THE DATA:
******
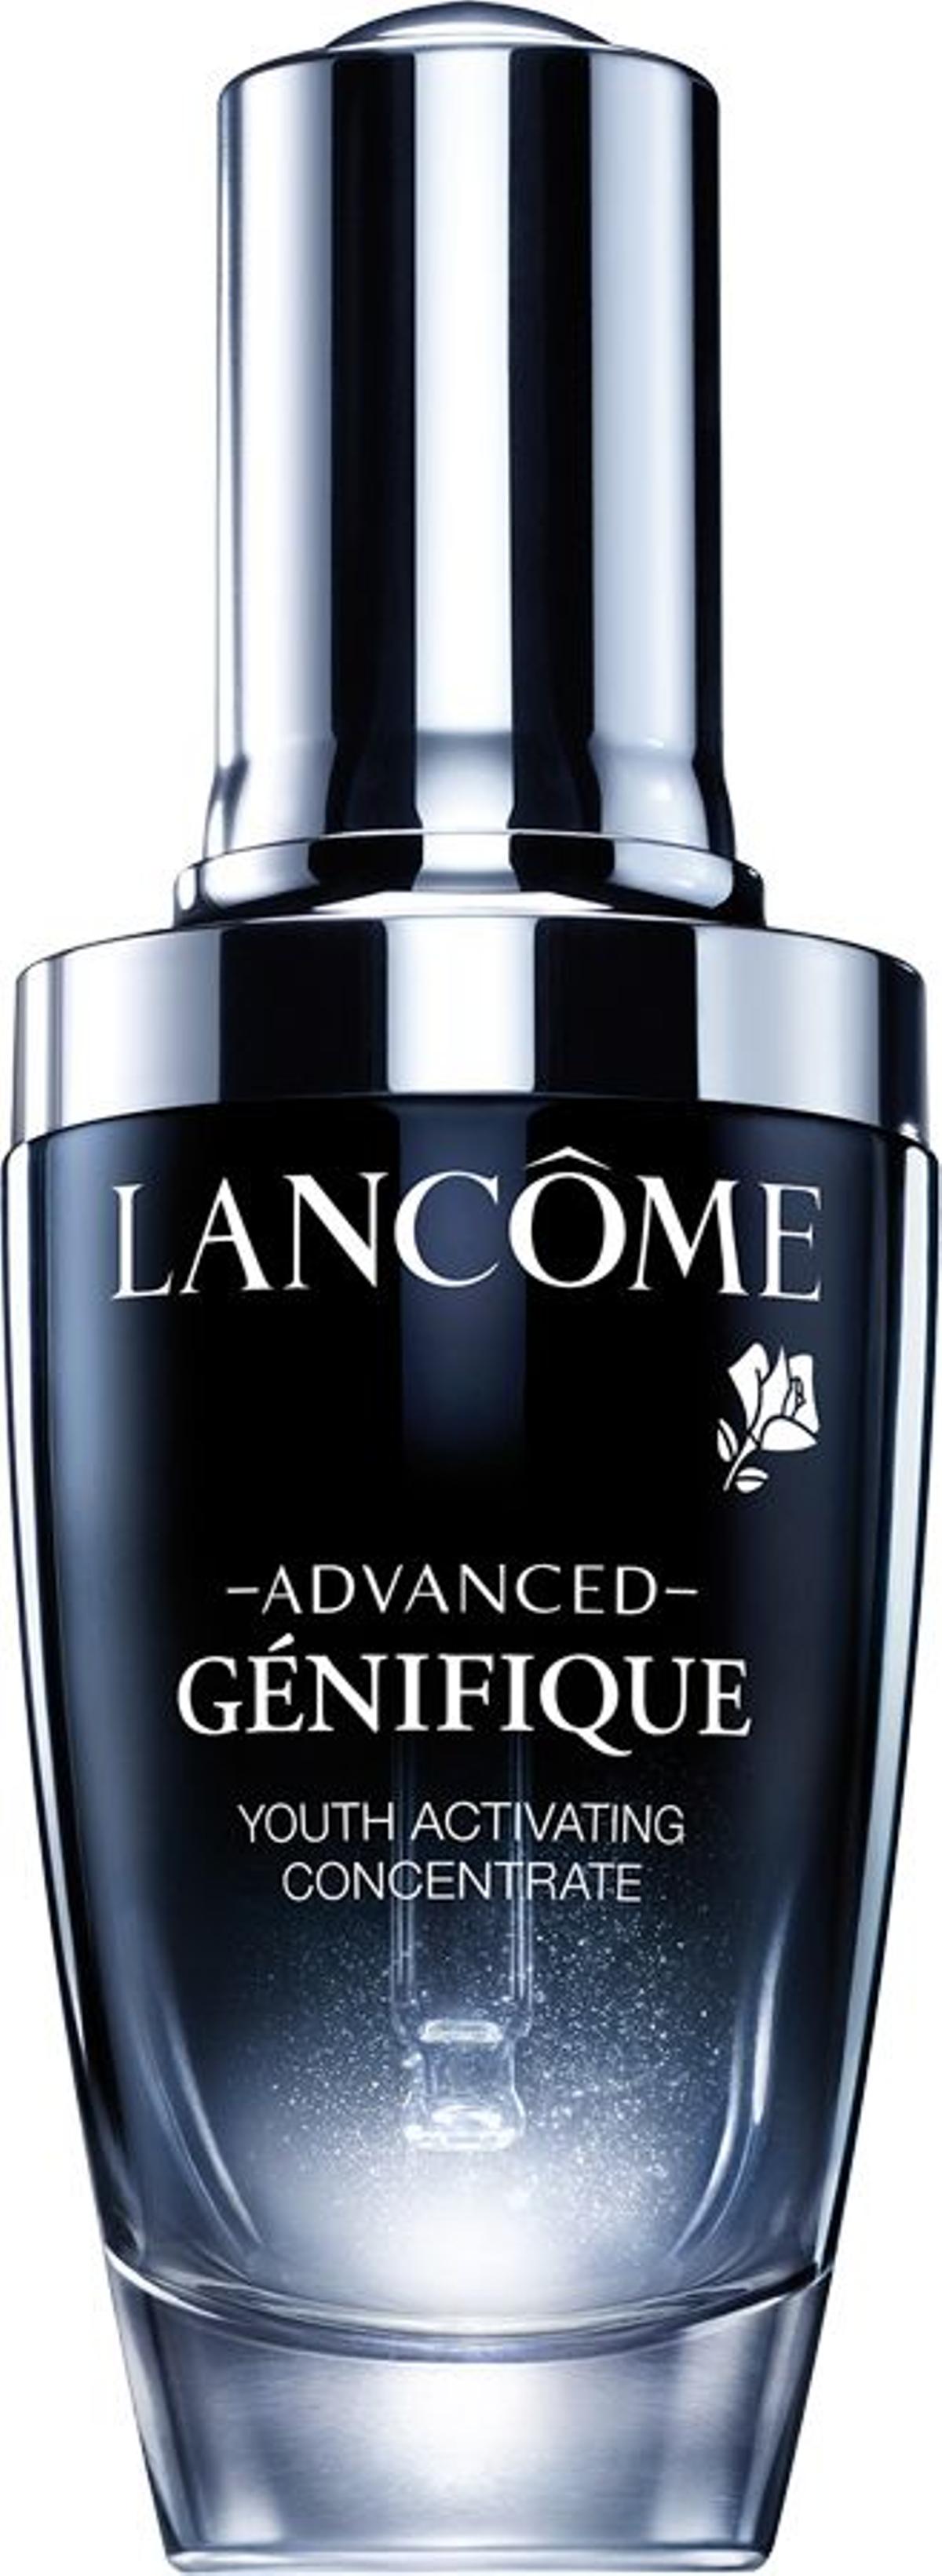 Advanced Génifique, de Lancôme
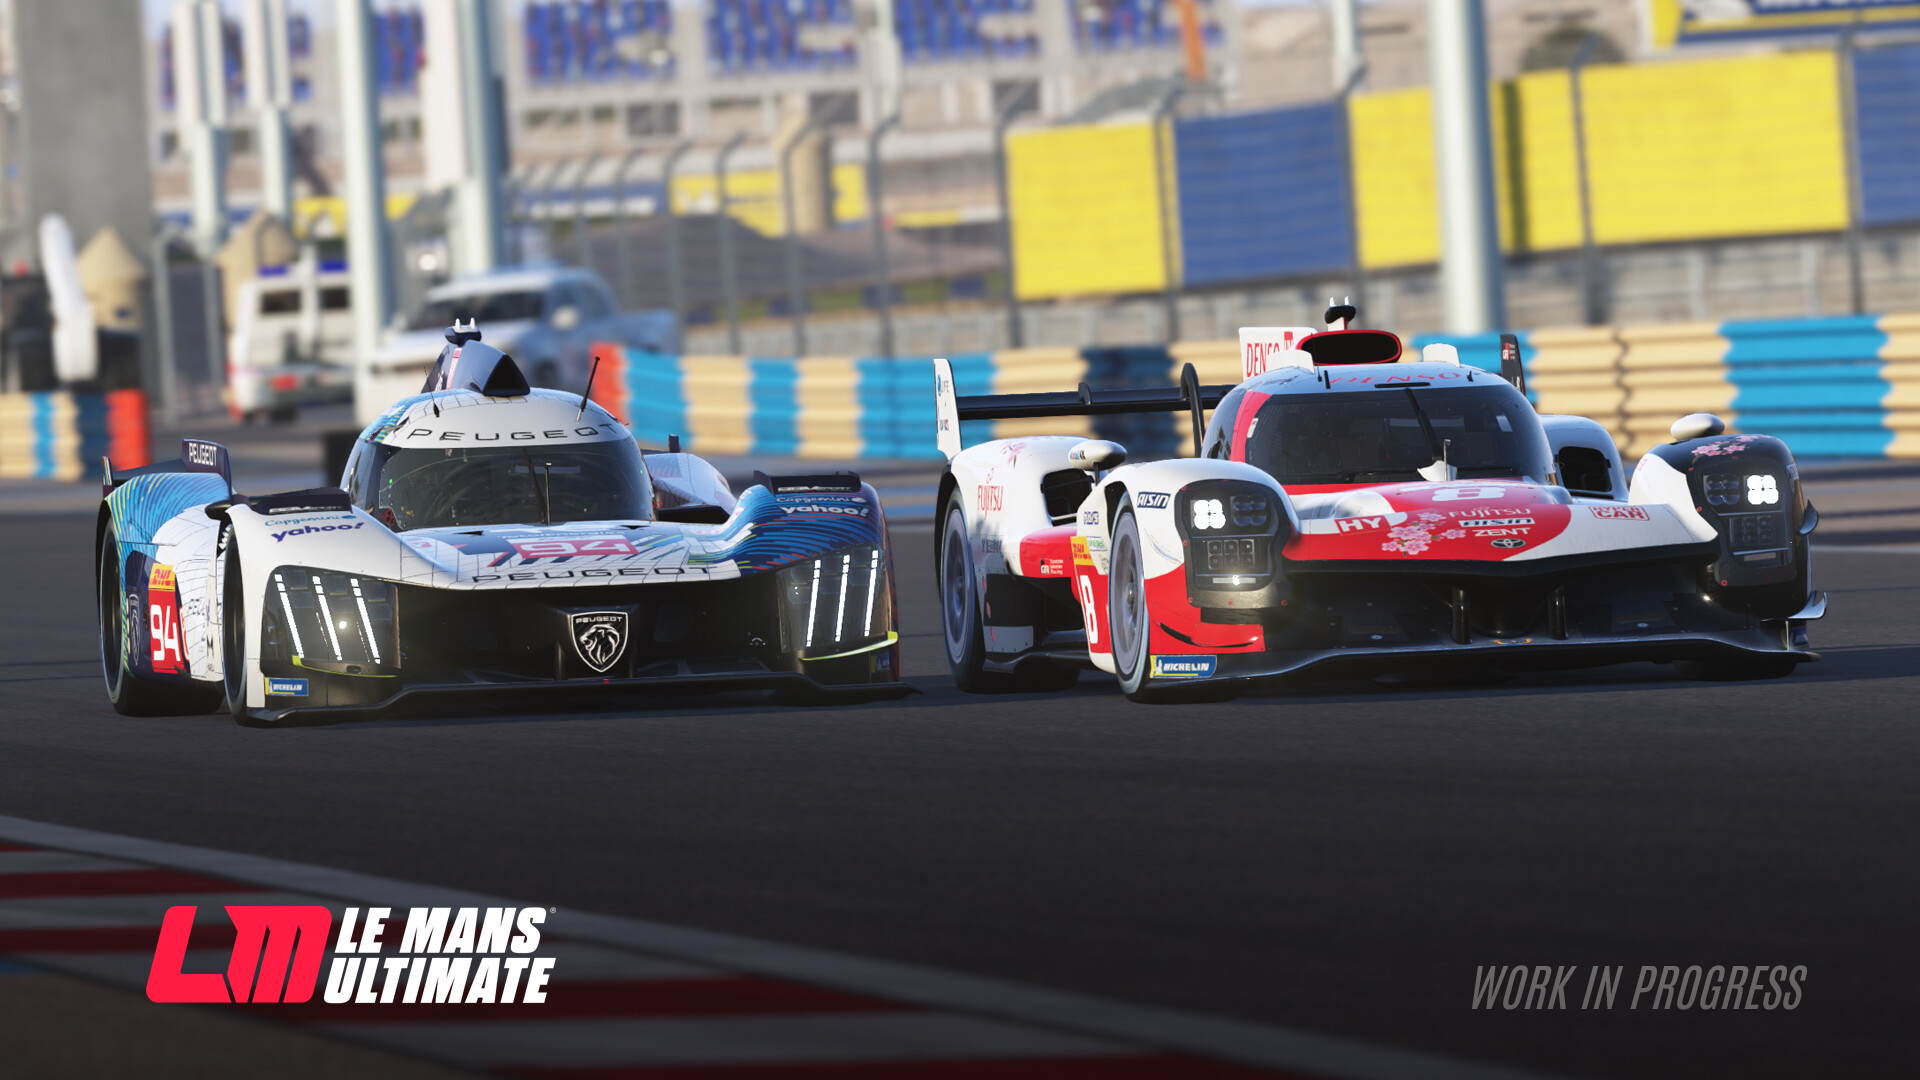 勒芒终极赛|官方英文|Le Mans Ultimate插图5
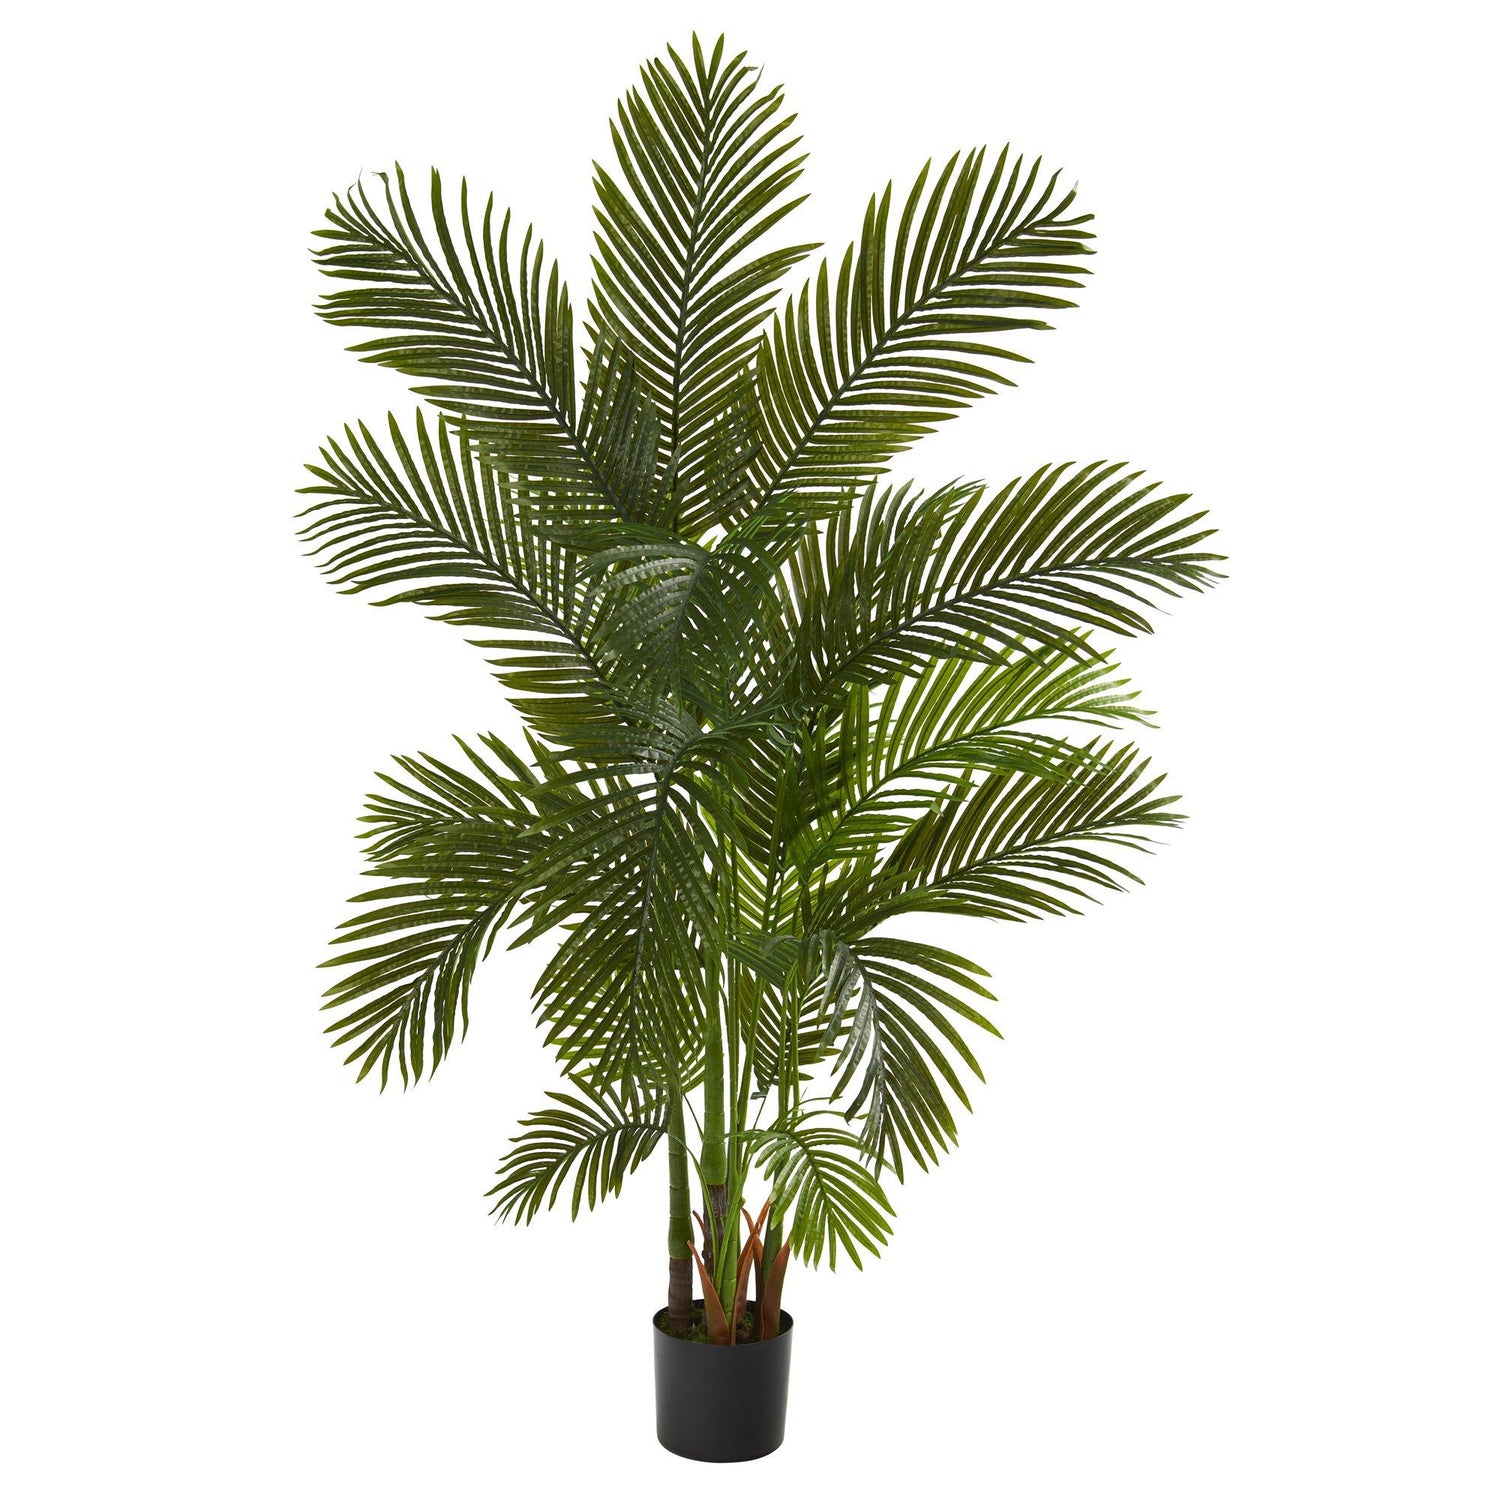 6' Areca Palm Artificial Tree
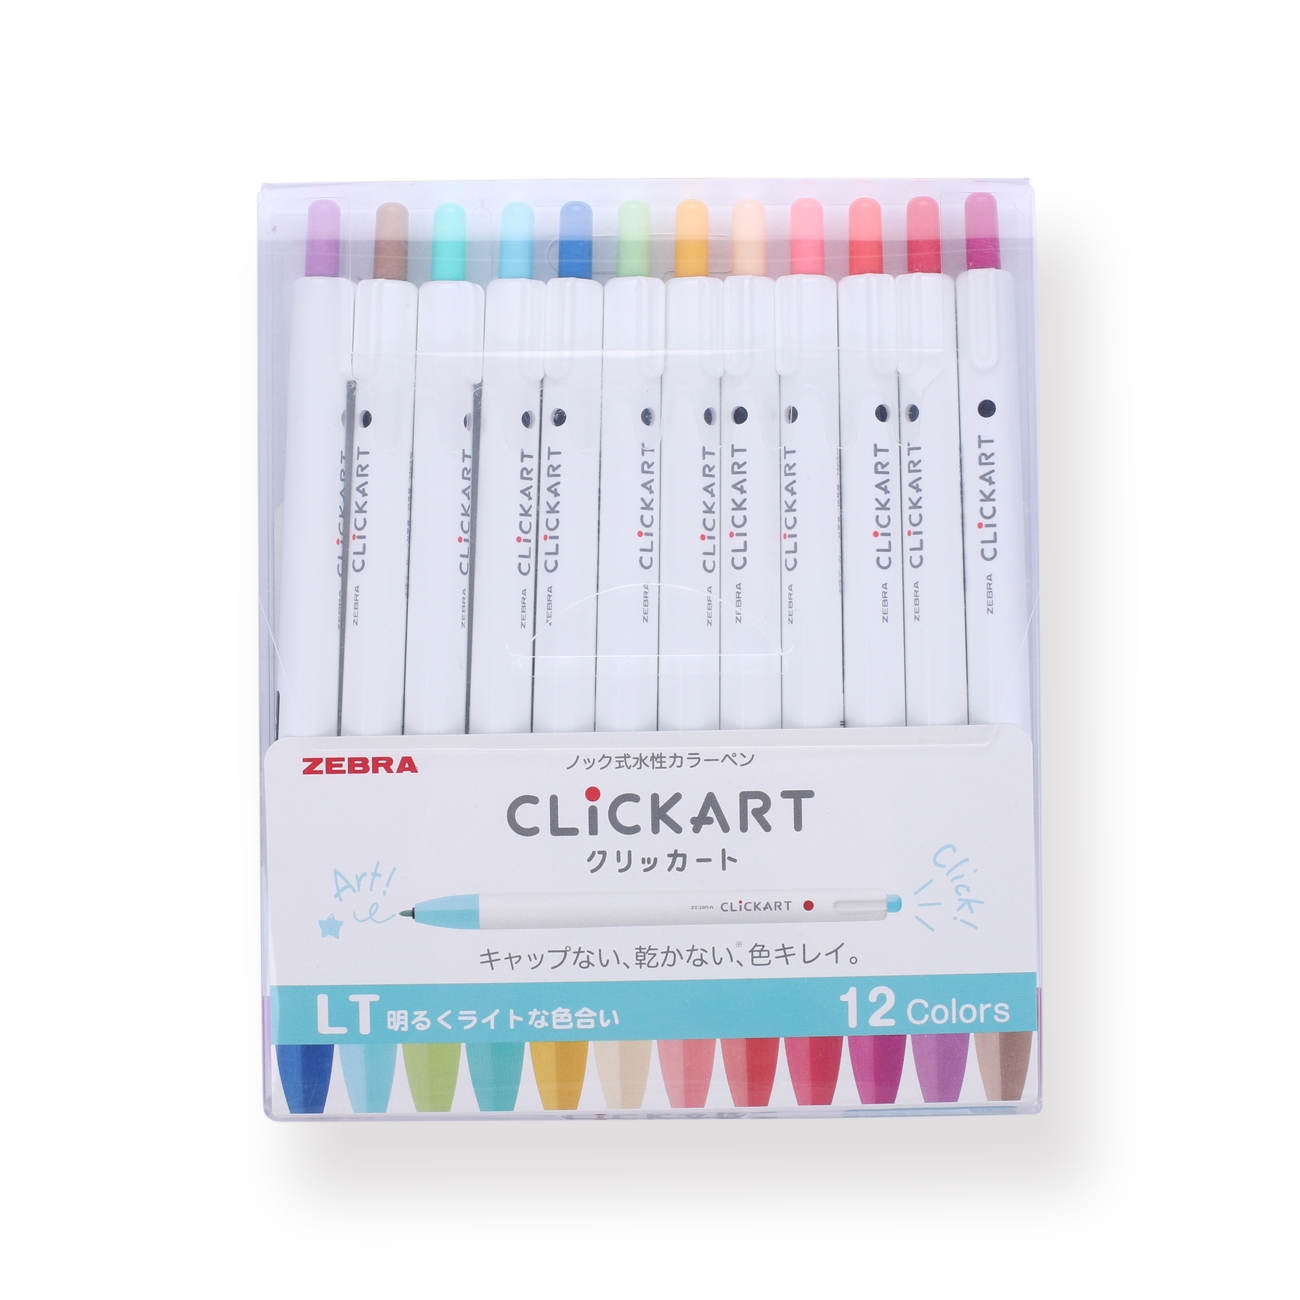 Zebra Clickart Water-Based Pen 12 Color Set (Light)
******
WORK TO BE COMPLETED: Take the line with "6' Areca Palm Artificial Tree" and each line after it through the end of the material above, and reproduce them exactly, both ends included, without pictures.

EXPECTED ANSWER:
 6' Areca Palm Artificial Tree
 Zebra Clickart Water-Based Pen 12 Color Set (Light)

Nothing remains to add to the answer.